You could avoid the use of sponge by saving the list of files to copy in a file somewhere else (but then things get rather less elegant):

cd ..
find . -type f -print0 > /tmp/filelist
xargs -0 cp --parents -t folder/tmp < /tmp/filelist
rm /tmp/filelist

You can avoid the requirement on GNU cp by using cpio instead:

cd ..
find . -type f -print0 > /tmp/filelist
cpio -pmd0 folder/tmp < /tmp/filelist
rm /tmp/filelist

or

cd ..
find . -type f -print0 | sponge | cpio -pmd0 folder/tmp

If tmp is empty you can also avoid the requirement on moreutils:

cd ..
find . -path ./folder/tmp -prune -o -type f -print0 | cpio -pmd0 folder/tmp
Stephen Kitt
  • 434,908
  • Oh yes, I assumed tmp was empty but that may well be wrong! – Stephen Kitt May 27 '15 at 20:14
  • When I try this I get cp: illegal option -- -. I'm actually 3 levels up in the hierarchy. The command looks like this: find . -path ./docker/app/tmp/ -prune -o -type f -exec cp --parents -t docker/app/tmp/ {} + – user1427661 May 27 '15 at 22:15
  • Does it work if you add -- before {}? As in cp --parents -t docker/app/tmp -- {} +... – Stephen Kitt May 27 '15 at 22:37
  • No -- I get the same error. – user1427661 May 28 '15 at 15:18
  • Hmm... What does cp --version say? Does the last cpio variant work? – Stephen Kitt May 28 '15 at 18:03
  • cp --version gives me the usage screen for cp. I should have mentioned I'm actually doing this on OSX, so it's the BSD cp that ships with the OS. I guess this is one of the cases where the mac utils are annoyingly different than their unix/linux counterparts in subtle ways. The problem is I'm writing this as a util for the team, and most of them develop on macs. It's a tool for building containers, so once I get them in the containers I have control, but before that I can't enforce a specific version of cp or get sponge installed on the system. – user1427661 May 28 '15 at 23:12
  • That's why I mentioned the requirement on GNU cp. I've added a variant without GNU cp and moreutils, it works on Mac OS X (but it doesn't copy tmp so it's appropriate only if tmp is empty). – Stephen Kitt May 29 '15 at 05:03
0

For interactive use, I have a hack for the analogous case with mv:

cd ..
mv * tmp

mv: cannot move ‘tmp’ to a subdirectory of itself, ‘tmp/tmp’

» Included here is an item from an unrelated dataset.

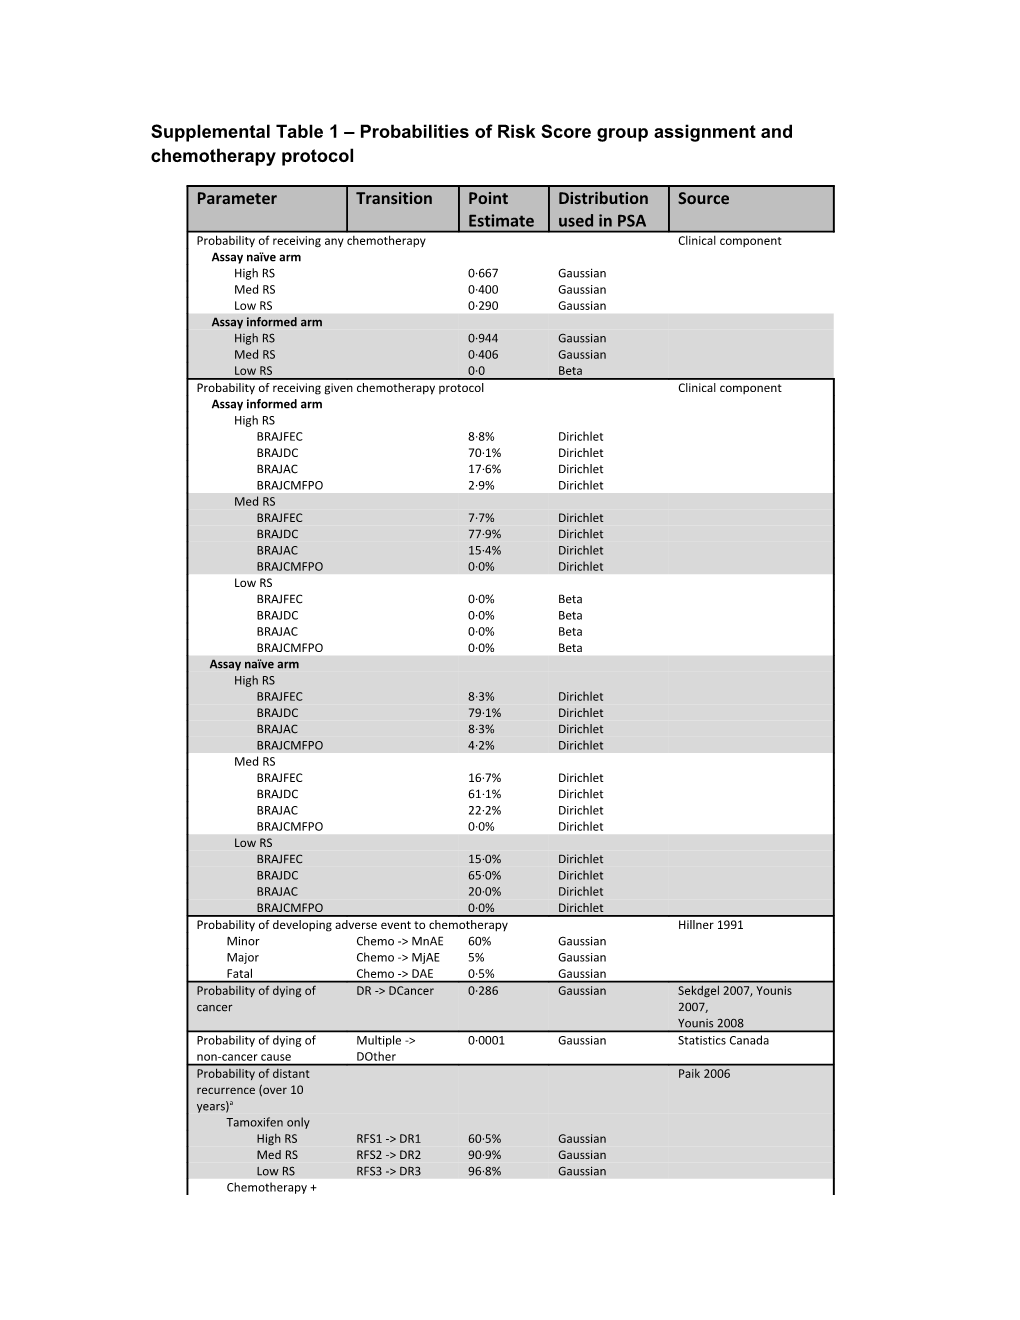 Supplementaltable 1 Probabilities of Risk Score Group Assignment and Chemotherapy Protocol
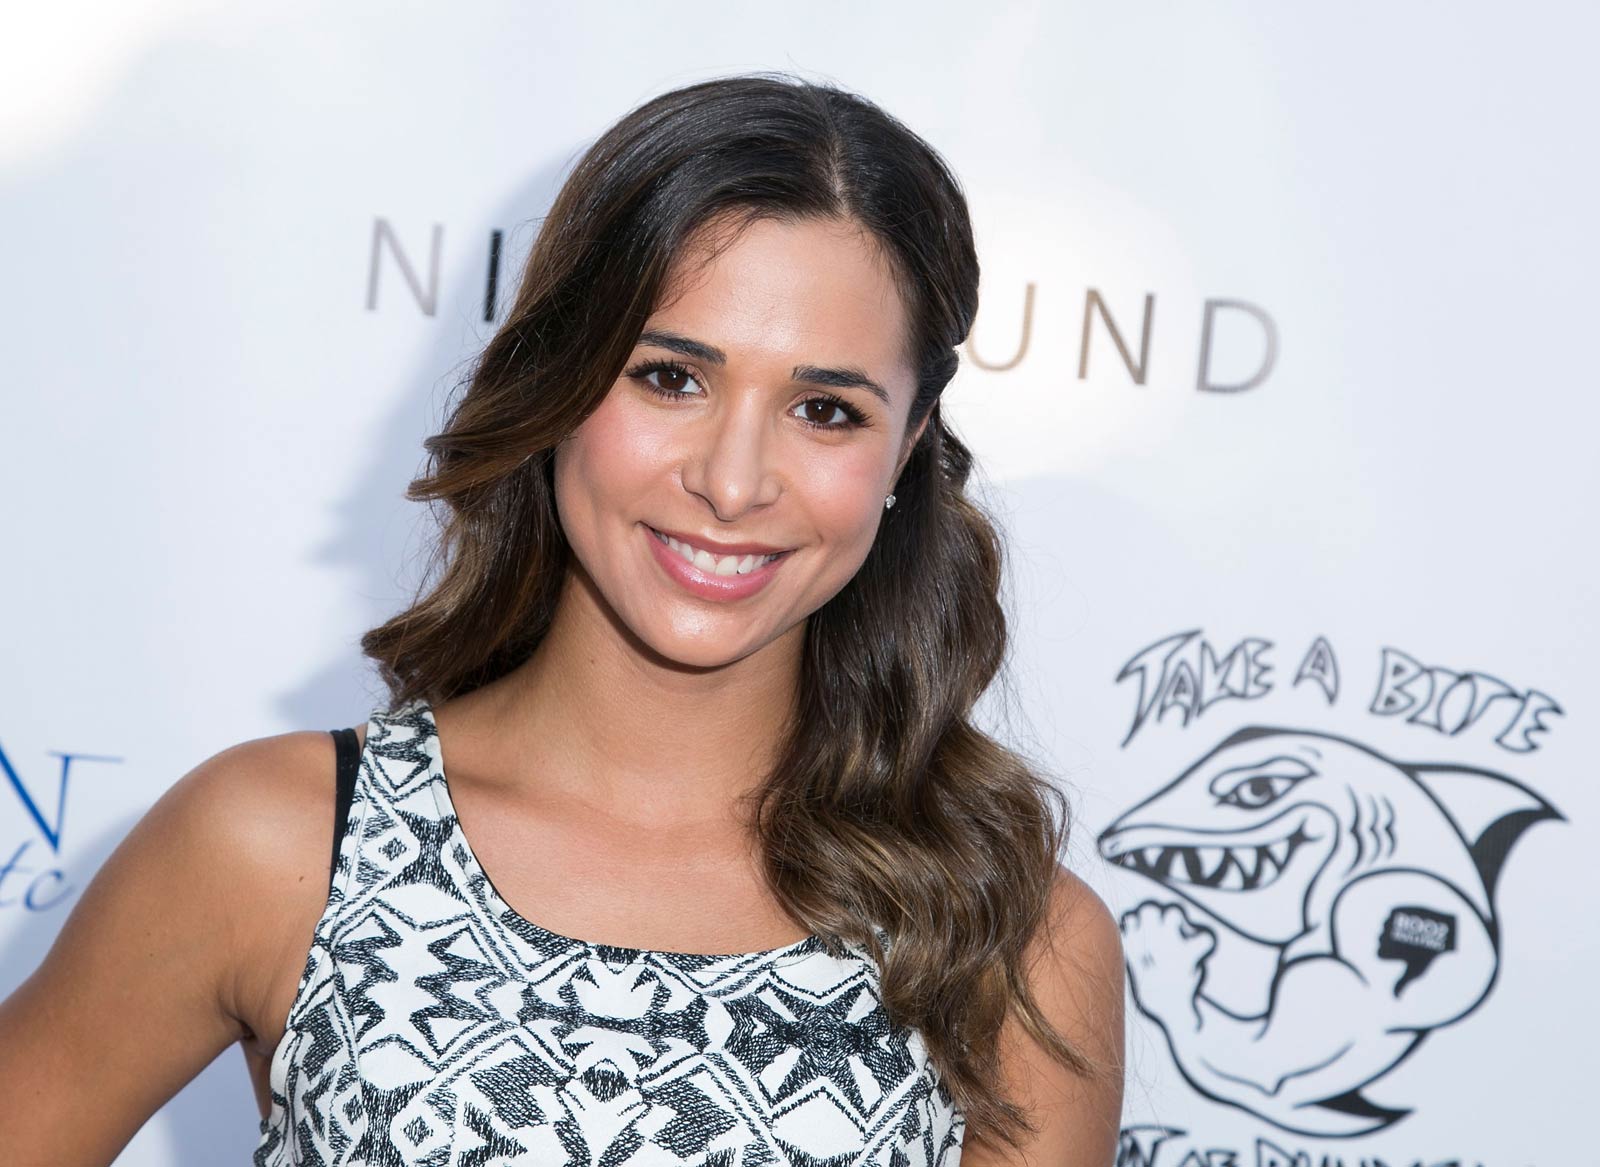 Josie Loren attends the BOO2bullying’s Take A Bite Out Of Bullying launch

Ignore the error, everything else got moved :-P. Doesn't work quite the same with cp, it creates an empty tmp/tmp, which is probably not what you want.

sourcejedi
  • 50,249
0

With pax, to copy . into subdir/tmp, skipping subdir/tmp:

mkdir -p subdir/tmp &&
  pax -rws'|^\./subdir/tmp/.*||' . subdir/tmp

Alternatively, you could do something like:

mkdir -p subdir/tmp/subdir &&
  ln -s tmp subdir/tmp/subdir/tmp &&
  cp -a . subdir/tmp

subdir/tmp/subdir/tmp is then a symlink to itself, to cp won't be able to create anything under it. You can replace it with an empty directory afterwards if you want.